The US and China are not tying their hands with biocentric legal shackles. They are building. If Europe chooses to become a museum of "healthy environments" protected by a thicket of litigation, we will be a very clean, very quiet, and very poor continent.
The Cost of Rights Inflation
When everything is a human right, nothing is.
By adding an autonomous environmental right to the pile, we dilute the weight of fundamental protections like freedom of speech or the right to a fair trial. We turn "rights" into a grocery list of social desires.
The European legal space is already saturated. We don't need a new convention; we need better execution of existing ones. We need states to enforce the regulations they already have on the books—Clean Air Acts, Water Framework Directives, and Waste Management protocols.
Administrative law is boring, but it works. Constitutional grandstanding is exciting, but it breaks the machine.
Dismantling the "People Also Ask" Fallacy
Q: Doesn't a new convention provide better access to justice for marginalized groups?
A: No. It provides better access to justice for well-funded NGOs. Marginalized groups suffer most when energy prices spike and housing projects are cancelled due to endless environmental litigation. True environmental justice is found in efficient zoning and public health infrastructure, not in a 50-page legal document signed in Strasbourg.
Q: Can't we just define "healthy" clearly in the text?

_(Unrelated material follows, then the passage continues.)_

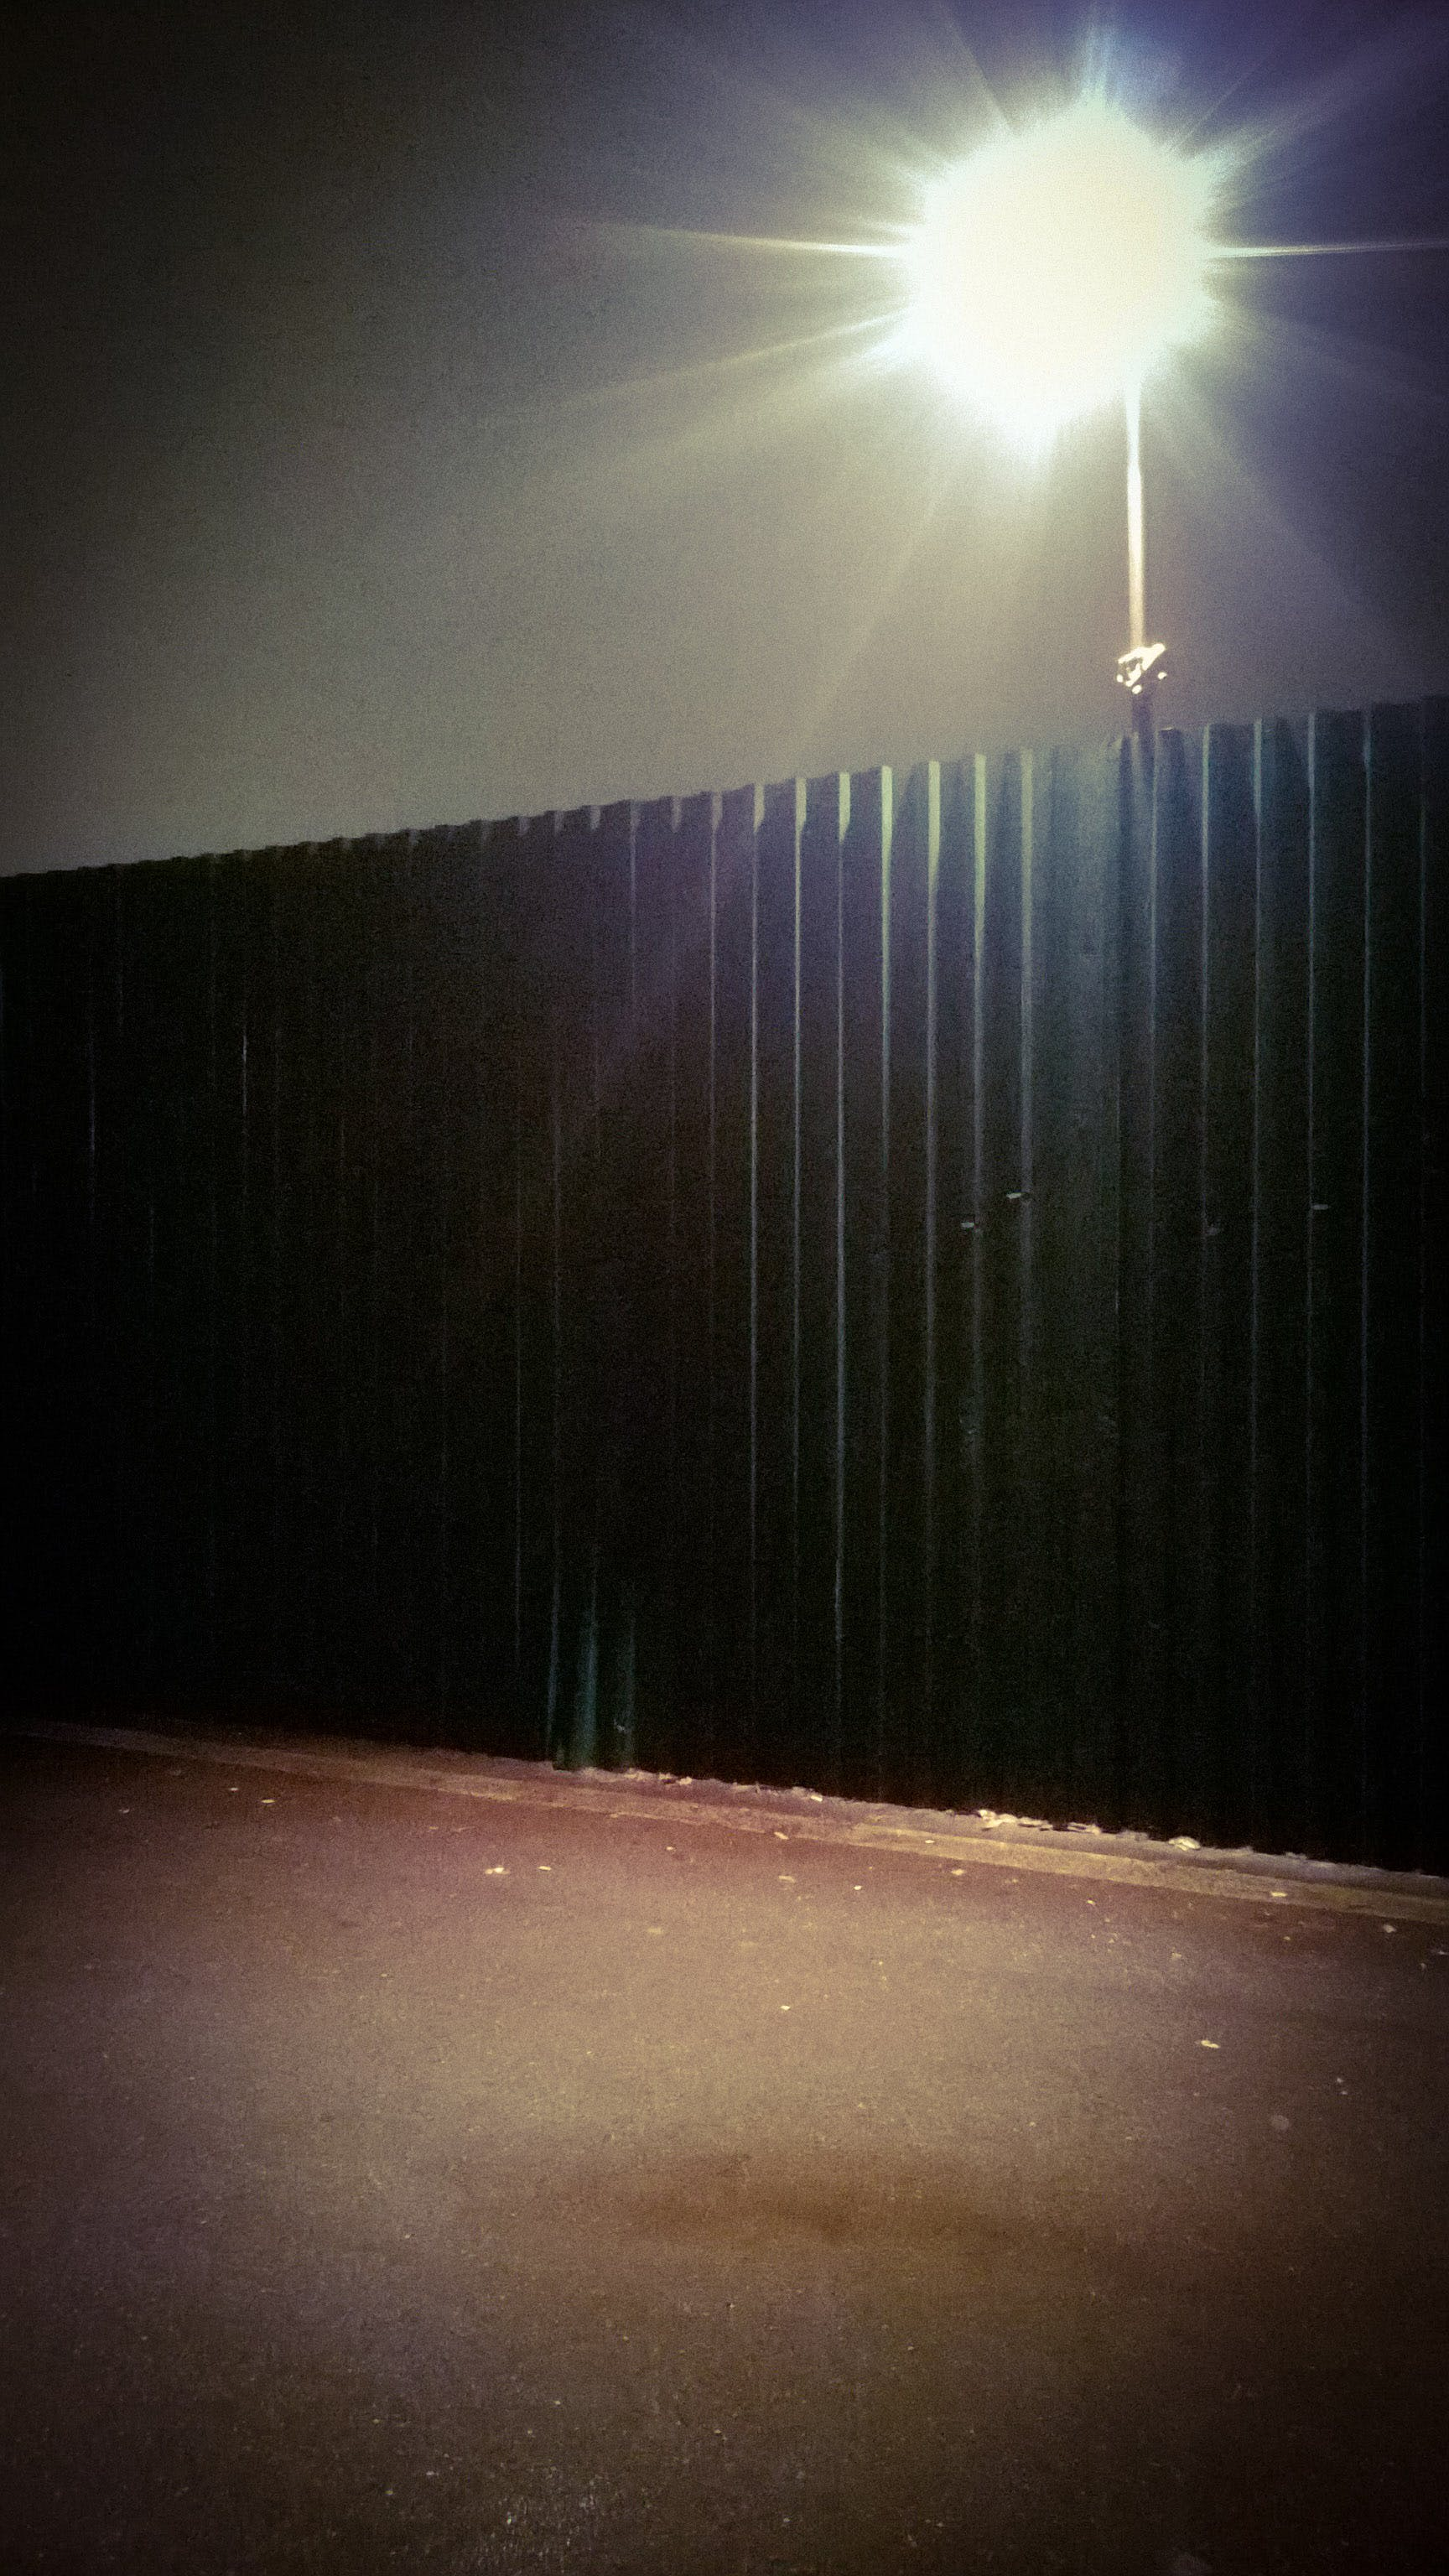 Black Fence Below Gray Light

A: You can try, but you will fail. Science moves faster than law. A definition written in 2026 will be obsolete by 2030. If you keep the definition broad, you invite judicial overreach. If you make it specific, you create a rigid system that can't adapt to new ecological data. It is a lose-lose proposition.
The Actionable Alternative
Stop trying to fix the planet through the judiciary.
If you want a "healthy environment," do the hard work of politics. Pass carbon taxes. Fund R&D for small modular reactors. Streamline the permitting process for geothermal plants.
The obsession with an "autonomous convention" is an admission of political cowardice. It is an attempt to outsource the difficult trade-offs of the 21st century to judges so that politicians don't have to take the heat for the results.
The downside of my approach? It’s slow. It requires consensus. It requires winning arguments in the town square instead of the courtroom. But it’s the only way to build a sustainable future that doesn't sacrifice European sovereignty and prosperity on the altar of legal abstraction.
We don't need a new right. We need a new grit.
The cult of the "autonomous right" isn't about the planet. It’s about control. It’s about creating a legal framework where the status quo is the only "healthy" option. In a world of climate change, the status quo is death. We need to build, and you can't build when the dirt beneath your feet has more legal standing than the people standing on it.
Stop looking for a new convention. Start looking for a shovel.